Crowd-sourcing our takes for the year ahead

It’s the first full week of the new year, and we at Zus have taken some time to absorb the rampant 2023 digital health prediction posts that have been zipping around (see here and here and here and here) and put together some hot and, admittedly, cold takes on where we see the landscape moving and what that means for healthcare data interoperability.

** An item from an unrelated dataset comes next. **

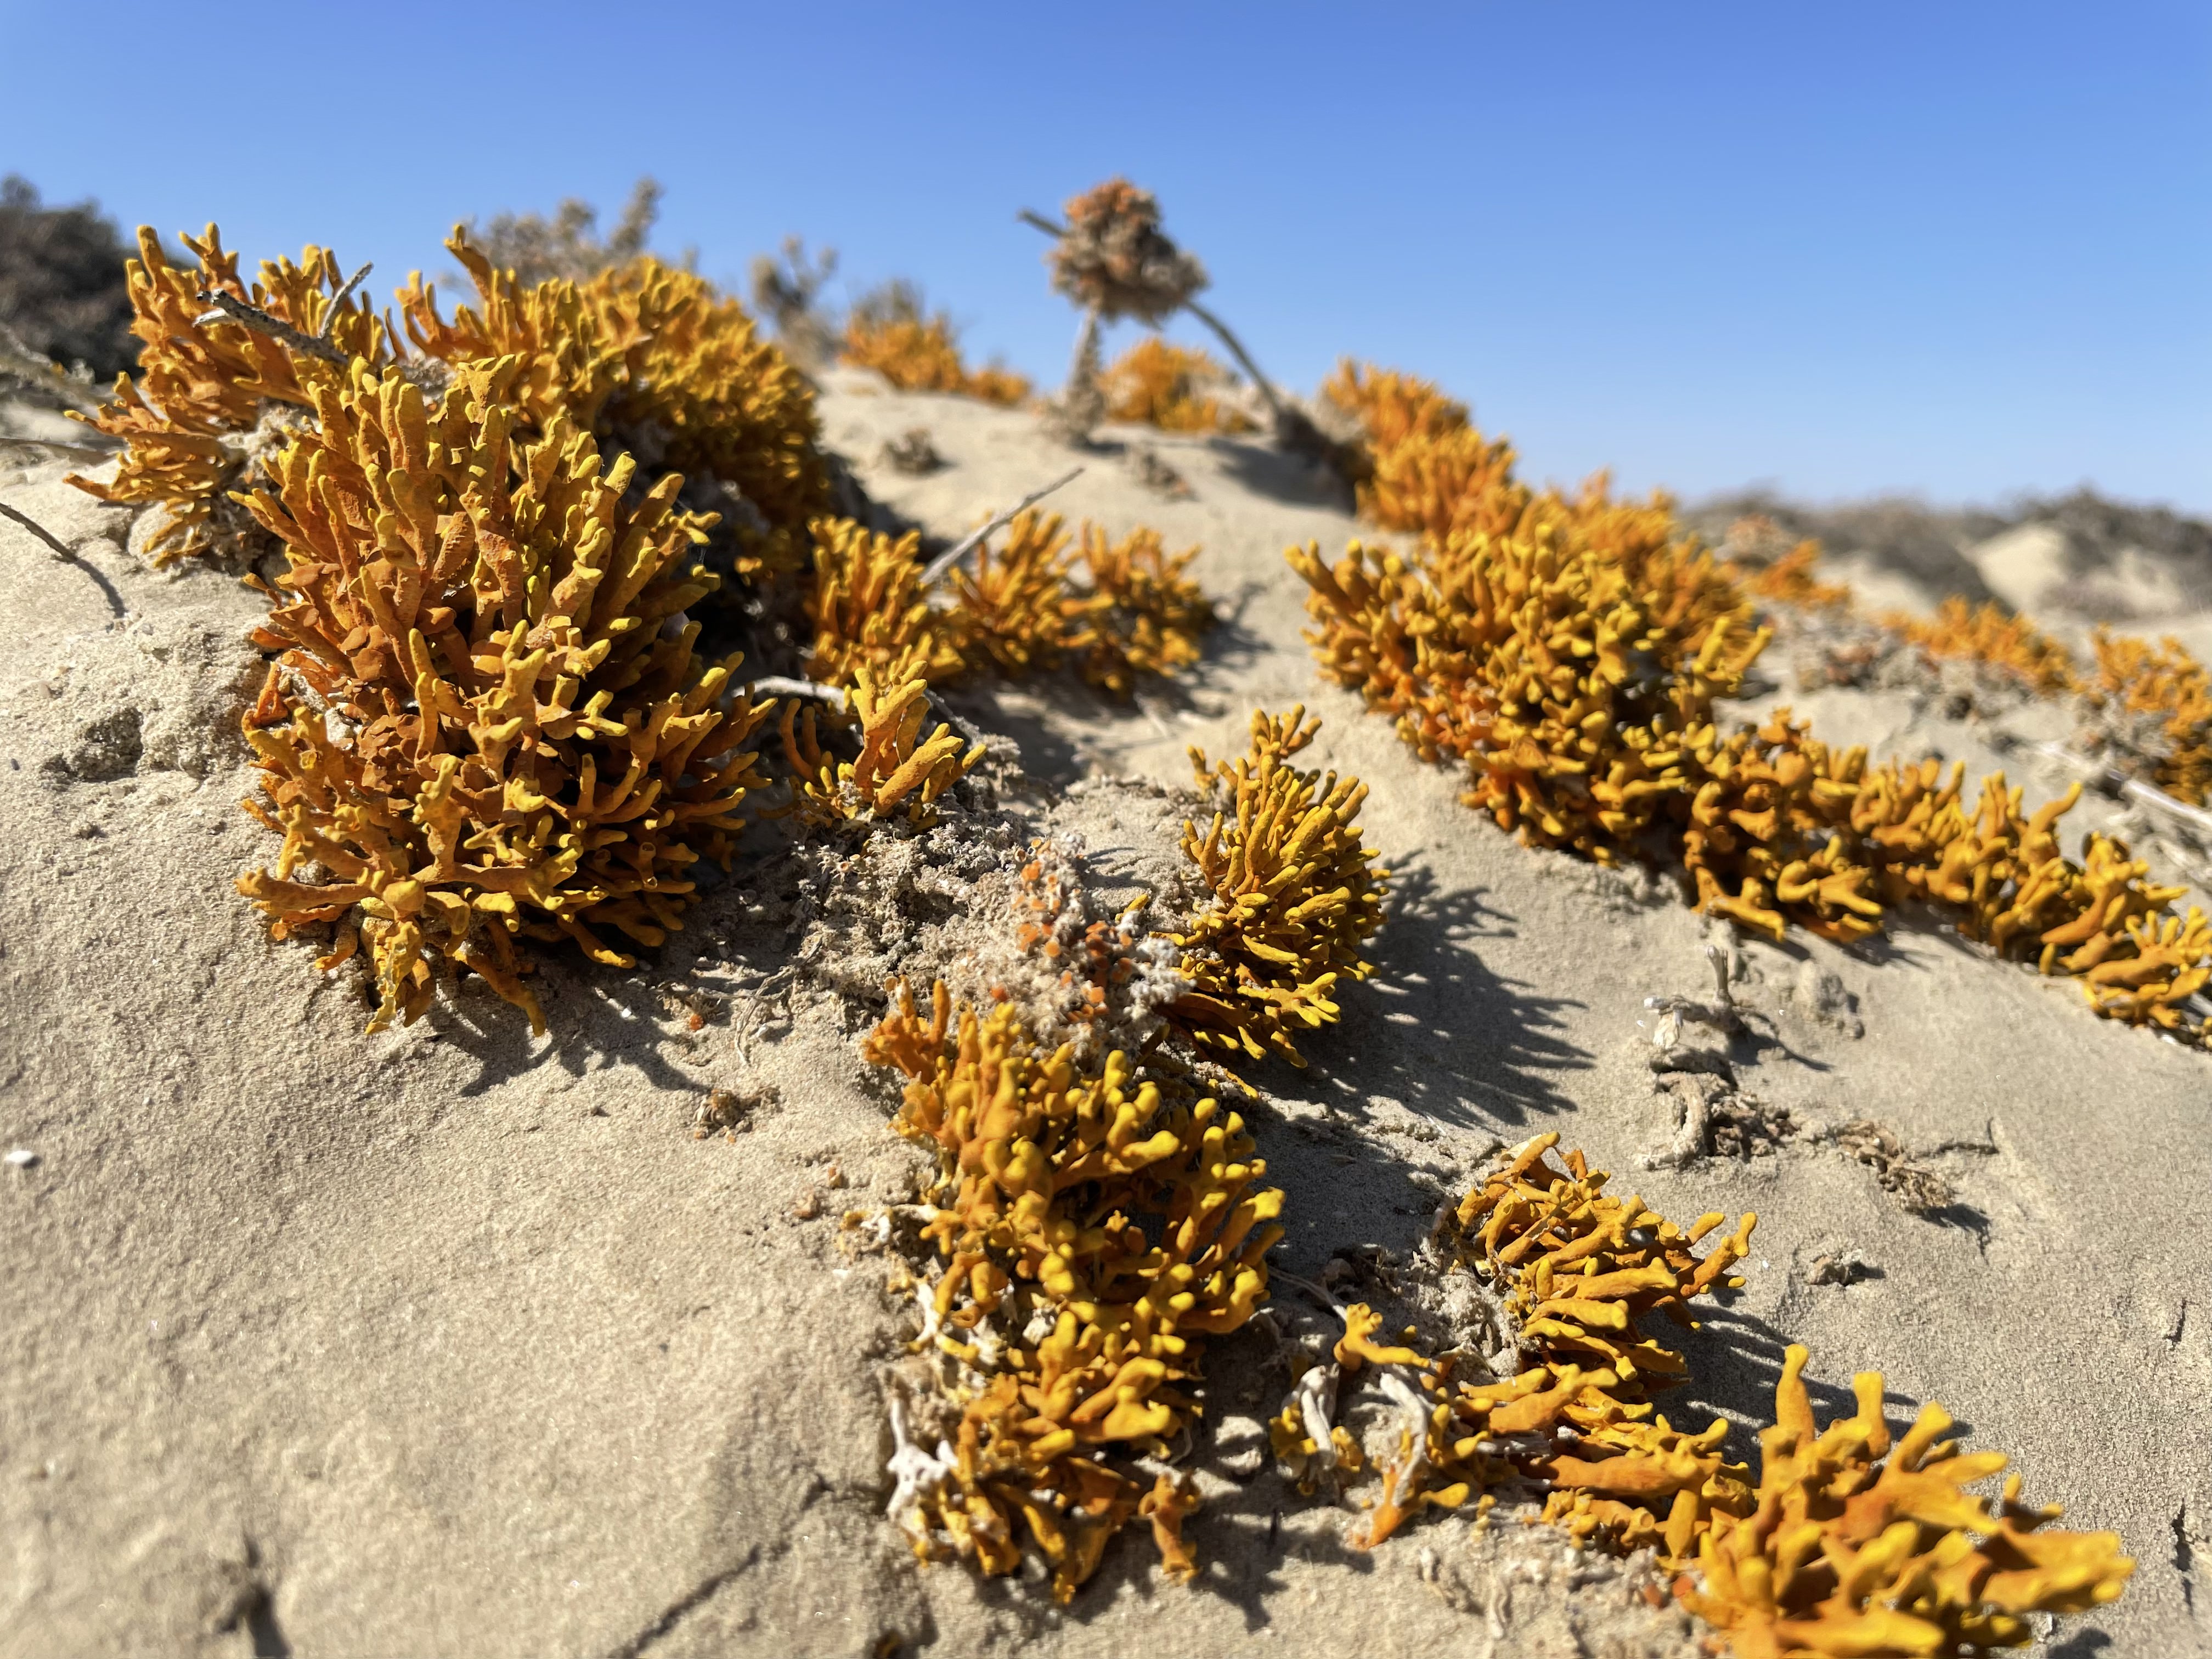 Clumps of lichen growing on a sand dune

From our perspective, the name of the game for digital health in 2023 is ROI and profitability. (As you can see from the predictions linked above, this is a decidedly chilly take.) With the current market conditions, across both virtual care providers and the technology solutions serving them, organizations need to be able to prove that their solution delivers a meaningful boost to their customer’s bottom line through additional revenue capture or cost savings, all without adding more work to an already burnt-out clinical and administrative staff. Our CEO Jonathan Bush recently shared some deeper thoughts on this topic, and if these challenges resonate with you (especially around the need to reduce the burden of clinical data collection), the Zus team would love to help — reach out to us here.

And so as we all stumble back in from the holidays and fall back into the delightful chaos of startup life, we wanted to share a few more thoughts on the year to come from the self-described Zus Brain Trust — let us know what you think.

On evolving payment models

With current macroeconomic conditions, successful DTC health companies will gravitate to solutions to allow them to meet insurance billing requirements (HIPAA security requirements, supporting data, and integrating with existing billing systems).

– Bryan Knight, Engineering

On stakeholder makeup

It will be imperative for medical and clinical leaders to be involved even more heavily in the design and validation of digital health solutions. New statistics come out every day about the growing attrition rate in the medical profession because of burnout and more time spent on the computer than with patients. New solutions will be most successful by building tools that end-users are excited about to the extent that they willingly champion the tool internally, and this can best be done by ensuring they are involved in every step of the ideation, design, and implementation process. As one of our customers said to us, “when our clinicians are happy, they deliver better care, which makes our patients happy, which makes our business happy.”

– Sarah Healy, Commercial Strategy & Ops

On non-treatment purposes of use

CURES Act-initiated purpose of use (PoU) access beyond treatment will not take off despite regulation saying organizations must comply. It will take fines of ~$1M dollars to force widespread compliance. Companies will evolve to introduce low touch treatment options to circumvent network poor responses for individual access PoU, allowing them to become aggregators of data at scale, then layering a consent engine on top of a PHR to put consumers in control of data to either monetize or share as needed. This will eventually undermine the tethered patient portal approach which is plagued with shortcomings like incomplete pictures of health and difficulties in accessing and sharing.

– Dave Boerner, Solutions Design

On the continued forward march (leisurely stroll?) of FHIR

FHIR R4 is increasingly relevant within the US, and FHIR R5 is inching towards being approved…but I predict R5 is 5+ years away from having any significant impact in the U.S. thanks to the regulatory requirements driving R4 adoption. R5 itself is nominally all trial-use and is intended to be “finalized” in a hypothetical R6, so adoption may ultimately wait for R6, no doubt delighting the “let’s just wait until ICD-11” crowd.

– Tim Gorton, Principal Architect

On everyone’s favorite new chatbot

I think you’re going to see a lot of companies trying to leverage tools like ChatGPT to handle at least initial care requests, whether that’s a good idea or not. I expect there will be a lot of early failures, but the potential exists to dramatically improve the patient experience and reduce time to care.

– Logan Brown, Engineering

Full disclosure: We did ask ChatGPT to write us a predictions post, and while certainly reasonable, we felt they were a tad passé:

On QHINs

There’s been a lot of buzz around QHINs with a lot remaining to be seen — the key here will be making sure the framework doesn’t detrimentally splinter centralized networks and has a clear path to value and positive cash flow. Definitely something to keep an eye on.

– Nadine Peever, Data Partnerships

On the GOAT

Messi jerseys will be (already are) in a backlog for months and companies will over produce them, ending in a FHIR sale in the second half of 2023 (which is when I’ll buy one).

– Dave Boerner, Solutions Design

And with that — onwards and upwards into 2023!